Thanks so much for your comments! – Joi
One thing that I always make sure to tell my kids is that people who are the most undeserving of love are the one’s who actually need it the most. Loving people regardless of what they do, who they are or how they treat you can potentially change lives. We don’t know what they are struggling with and your kindness might be the answer. Love what you wrote.

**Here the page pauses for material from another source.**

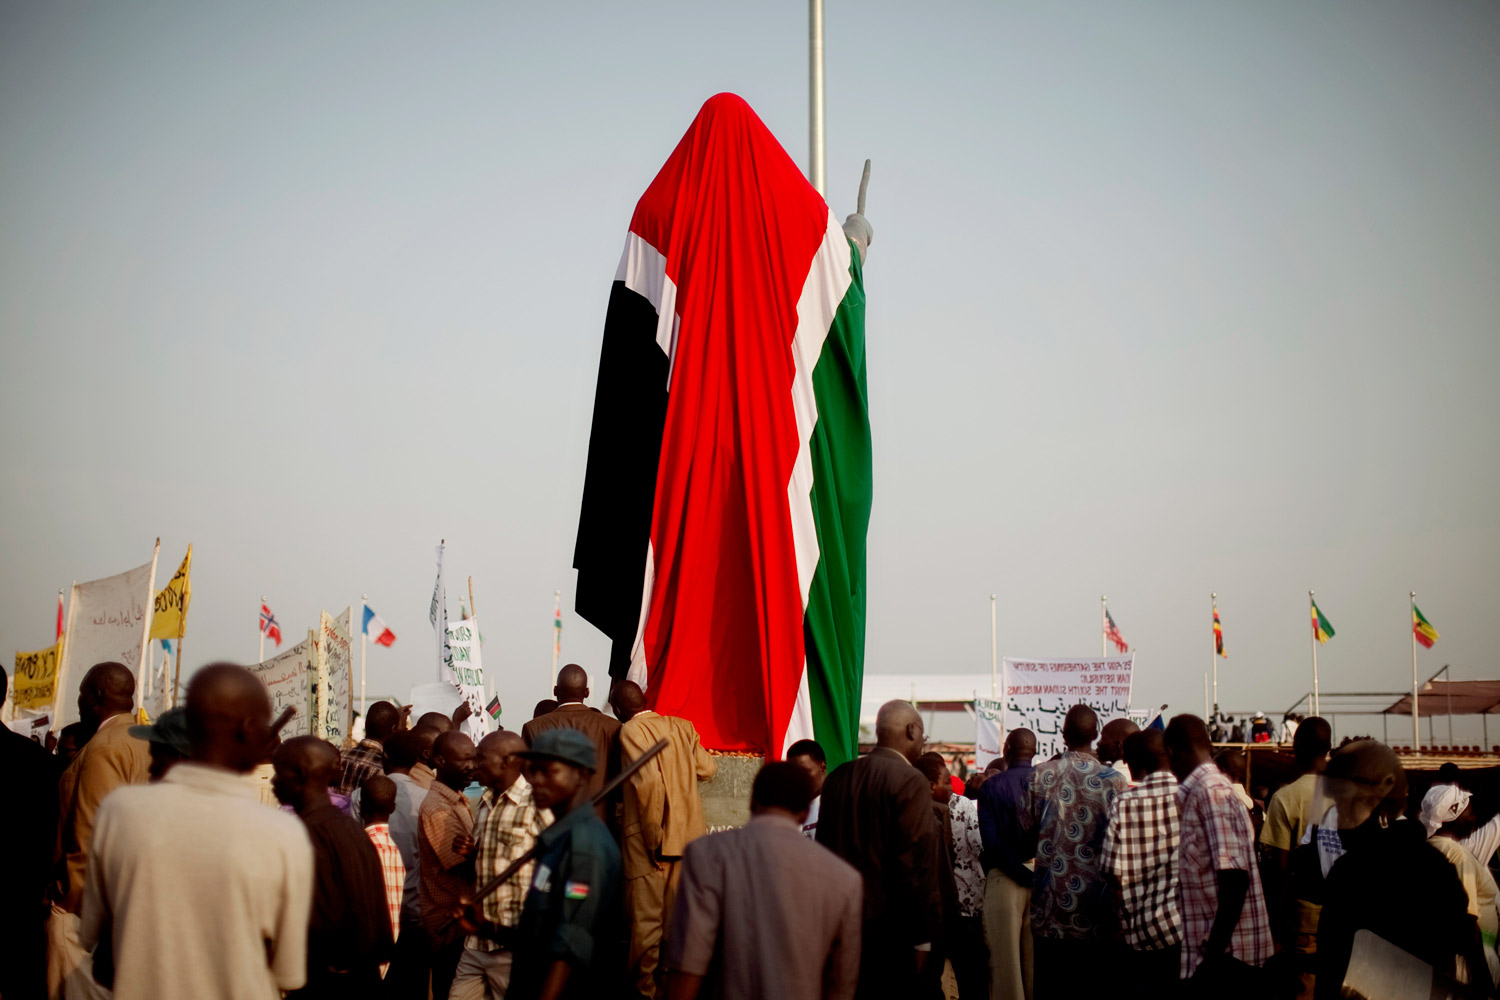 July 9, 2011. A newly constructed statue commemorating the late Dr. John Garang, the leader of the Sudan People's Liberation Army is covered by the new flag in the capital city of Juba. The statue was constructed ahead of southern Sudan's declaration of independence and later unveiled by South Sudan's President, Salve Kiir.

What about people who are so pleasant and kind to others, but they are hateful to their own wife and children in the privacy of their own home? I’m living that right now. Everyone at my husband’s work and aquaintantses thinks he is the kindest most loving man they know. Especially the women. He knows how to groom them, pay attention to them, and just be their as a caring “friend”. Everyone he meets they get his undivided attention. Boy but, when he gets home he’s another person altogether. He’s filled with hate for his own family. Would you go to the moon and back with that person? He’s got everyone so convinced that he can talk them into thinking that I’m the hateful one. I take my concerns to God and pray. It’s a tough battle and a true spiritual warfare. Hate hurts tremendously. Me or my kids don’t deserve this, but I’m stuck. I will not leave my kids with my husband alone. You truly don’t know what someone is capable who is living a double life. A person filled with so much hate can create a facade. It’s scary, but it’s true. I would have never belived this was possible. He’s been living a double life our entire marriage. That’s what’s happening all around us and we need to keep the armor of God on in order to stay safe and protected. I thank God for always protecting me and my kids without failing. Jesus, I trust in you!